Вы просидели семь лет… И что?
Нет, ничего.
Да уж какое там ничего, семь лет жизни, я бы сказал это очень даже что-то.
Слушайте, если вам все известно, значит, известно, а я ни хрена добавить не могу, вот в чем все дело.
Да ты не расстраивайся, Сэмми.
У вас есть повод для обиды, это понятно; человек вроде Чарли Барра остается на свободе, а вас сажают, да еще и на семь лет.
О чем это вы?
О парне вроде вас, которого сделали козлом отпущения.
Вам же известно, за что меня, на хер, посадили. Не собираетесь же вы открыть это долбаное дело заново!
Вы меня не слушаете.
…
Вы слышали, что я сказал, вы меня не слушаете.
Сэмми, помолчав, говорит: Чарли приезжал на совещание. Вы и сами знаете, он приезжал на совещание. Он тогда был профсоюзным организатором. Мы встретились за год до того, как я получил долбаный срок. Не десять сраных лет назад, а одиннадцать. Так?
Ну что же, это поможет нам разобраться с датами, Сэмми.
Вот и слава богу.
Понимаете, мы знаем, что вы в этих делах не замешаны, нас просто смущает обилие совпадений. Вот, возьмите…
Движение, совсем близко, что-то касается его губ.
Это сигарета, Сэмми.
Ему подносят огонь.
Ты же понимаешь, совершенно ясно, что это никакие не совпадения. Мы не утверждаем, будто имел место некий заговор; но это не совпадения, Сэмми, ты согласен? И то, что говорят мои коллеги, абсолютно справедливо – во все это стоит как следует вникнуть. Ты оказался в незавидном положении и, в общем и целом, не по своей вине, просто ты в неудачное время попал в неудачное место. Не повезло. Но и нашей вины тут нет. Для нас важно время – точно так же, как для тебя. Я к тому, что мы-то в конечном итоге в тюрьме не окажемся – мы всего лишь выполняем свою работу, – а вот ты оказаться можешь; именно к ней ты семимильными шагами и продвигаешься. Собственно, ты в ней уже оказался, ведь так?
…
Я что хочу сказать, мы можем, если захотим, держать тебя здесь целую вечность. И, оставив тебя здесь, мы будем точно знать, что ничего не случится, а между тем, если мы тебя выпустим, тогда… кто знает? мы не знаем. То есть, в общем и целом, нам куда как проще держать тебя под запором.

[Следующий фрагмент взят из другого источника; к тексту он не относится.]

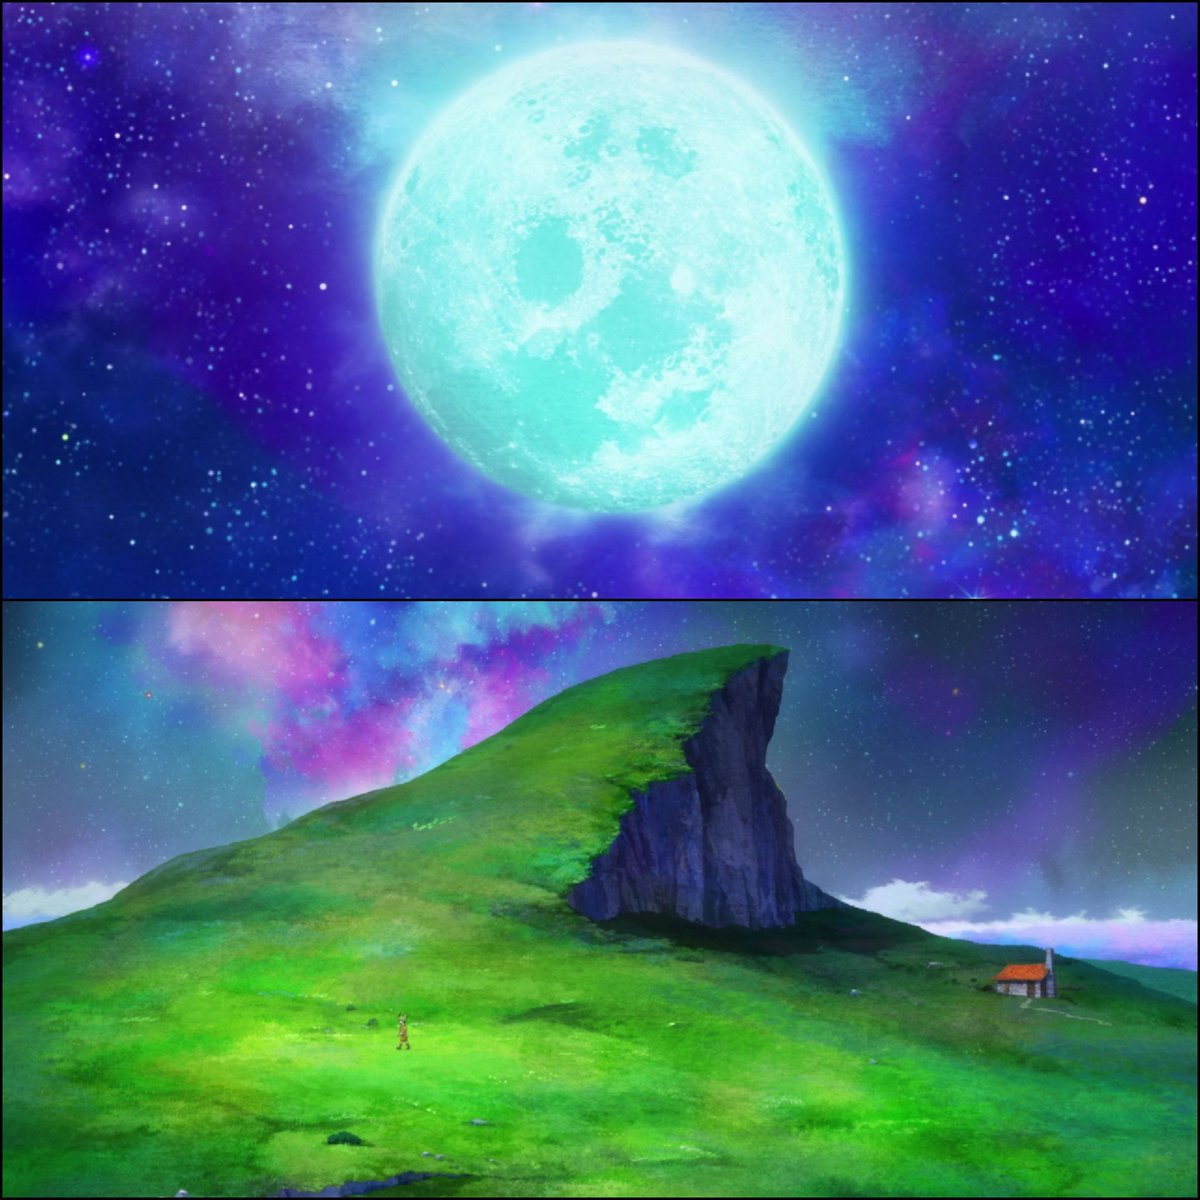 Moonlight on the Finger of God mountains🌙 Anime 📺: Four Knights Of The Apocalypse Episode 1 #NanatsuNoTaizai #SevenDeadlySins #MokushirokunoYonkishi #FourKnightsoftheApocalypse #黙示録の四騎士

Сэмми вынимает сигарету изо рта.
Ты ведь понимаешь, о чем я. Теперь давай рассмотрим других наших коллег; они тоже хотят оставить тебя здесь, из-за твоей сожительницы – держать под рукой, пока она не объявится! И они это сделают. Можешь мне поверить. Все чертовски осложнилось, Сэмми, чертовски осложнилось. А что может случиться, когда ты попадешь в настоящую тюрьму, – помнишь того парня, который умер в твоей камере?
Ни хрена он не в камере умер, его притащили туда уже мертвым.
Это очень серьезное заявление.
Действительно, очень серьезное, подтверждает англичанин.
Сэмми отворачивается от них, с силой затягивается сигаретой, мало ли что, может, она последняя. За спиной у него ведутся вполголоса какие-то переговоры. Гребаные идиоты, считают себя ловкачами; думают, что они хрен знает какие умные. Ну так и пусть их думают. Не мешай им, и все. И не надо их злить, на хер, не надо их злить. Ваши же долбоебы его и убили, говорит он.
…
Не вы, говорит он, я же не говорю, что вы – тамошние. Ну, вы понимаете, о ком я.
Мы решительно не понимаем, о ком вы.
Я сожалею, что так сказал.
…
Простоя расстроился, мне этот парень нравился, он был совсем безвредный.
Безвредных людей не бывает, Сэмми.
Иногда встречаются.
А вот нам такие ни разу не попадались.
Сэмми выдыхает дым. Почесывает правое ухо. Люди, бывает, делают такое, говорит он, чего делать и не хотят, но все едино делают.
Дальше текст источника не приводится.